Trueblood was a member of the ACPA Steering Committee which met in Washington, DC on May 23-24, 1962, to outline possible areas for the ACPA Self-Evaluation Study Committee. At the Boston convention in 1963, President-elect Trueblood attended the three-day convention workshop and the Executive Council meeting. He attended the Business session following the ACPA Boston Town Meeting. At the Business session he presented the Self-Study Committee Report as revised and accepted by the Executive Council. The Executive Council voted to accept and adopt the statement prepared by an ad hoc committee (chaired by Trueblood) to have a higher education specialist for ACPA to work out of APGA headquarters. His name appeared twice on the annual convention program. He chaired a group of four persons who discussed The Professional Education of Student Personnel Workers in Higher Education Workshop Reports and he and two other people made presentations in Plenary Session IV— Student Personnel Work in Higher Education, The Years Ahead, Research, Administration and Professional Education.
During 1963, he chaired the ACPA delegation to the Inter-Association of Coordinating Committee founded in 1958 and changed to Council of Student Personnel Associations in Higher Education (COSPA) in 1963. At the end of October 1963, ACPA membership totaled 3,397. In his last message to the ACPA membership, he spoke optimistically about ACPA's future In APGA.
Author of over 50 journal articles and other publications, Dennis L. Trueblood, who served the presidency of ACPA since May 1, 1963, resigned on January 1, 1964. He died undergoing open heart surgery in a Chicago hospital five weeks later, when he was 38 years old. He was survived by his wife, two children, parents, and sister.
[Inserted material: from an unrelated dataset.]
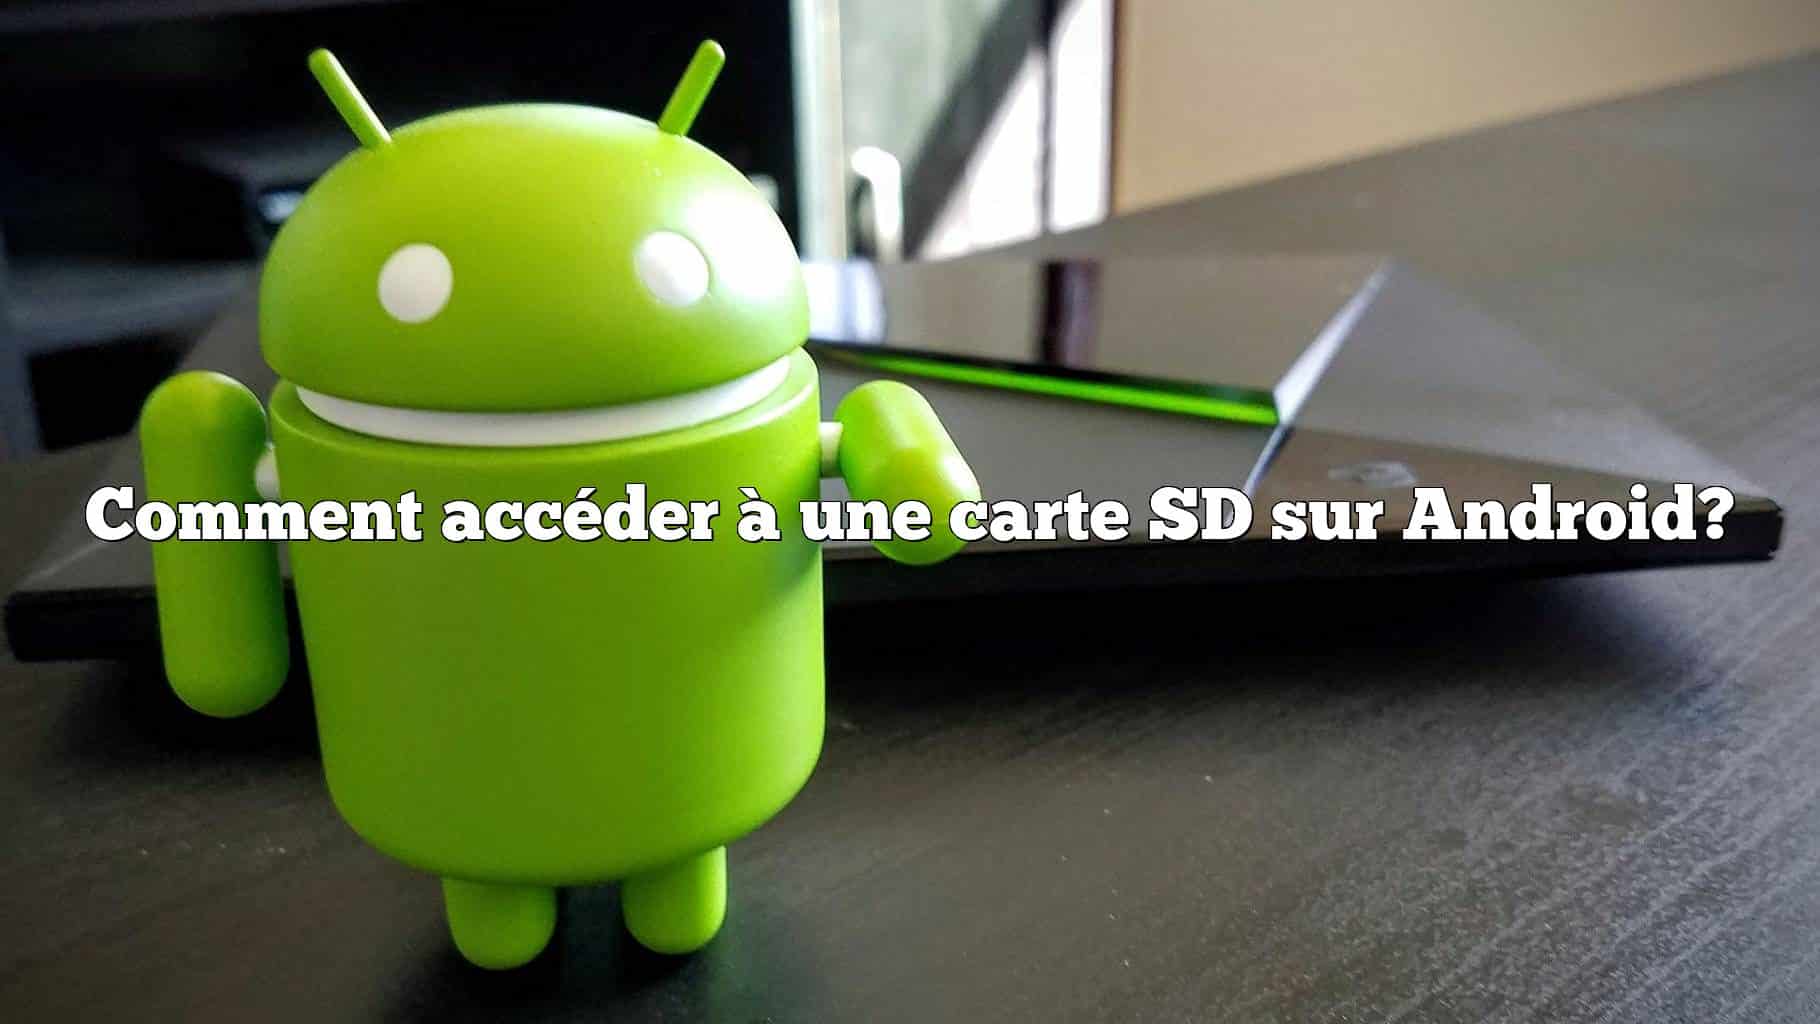 Comment accéder à une carte SD sur Android?

Barbara Kirk, who assumed the ACPA presidency upon the death of Trueblood, said:
No previous President of our Association has ever devoted more time and energy to activities and policies and concerns which required limitless attention, than Dr. Trueblood. The entire membership of ACPA has lost a leader who represented their Interests in every phase of his professional life, whether it was on the campus of Southern Illinois University or at the White House Conference on Children and Youth in 1960, or at Executive Council meetings in Washington at the National Headquarters of APGA. There will be few Presidents in the future with his stamina and drive. It was a privilege and an honor to have known and worked with him.
On March 23, 1964, at the ACPA Annual Business Meeting in San Francisco an “In Memoriam” resolution was endorsed by approximately 150 members attending.
In May 1985 the Illinois College Personnel Association Executive Board established an annual award to recognize individuals in that state who made significant contributions to student affairs. They created the award in Dennis Trueblood's name to honor him.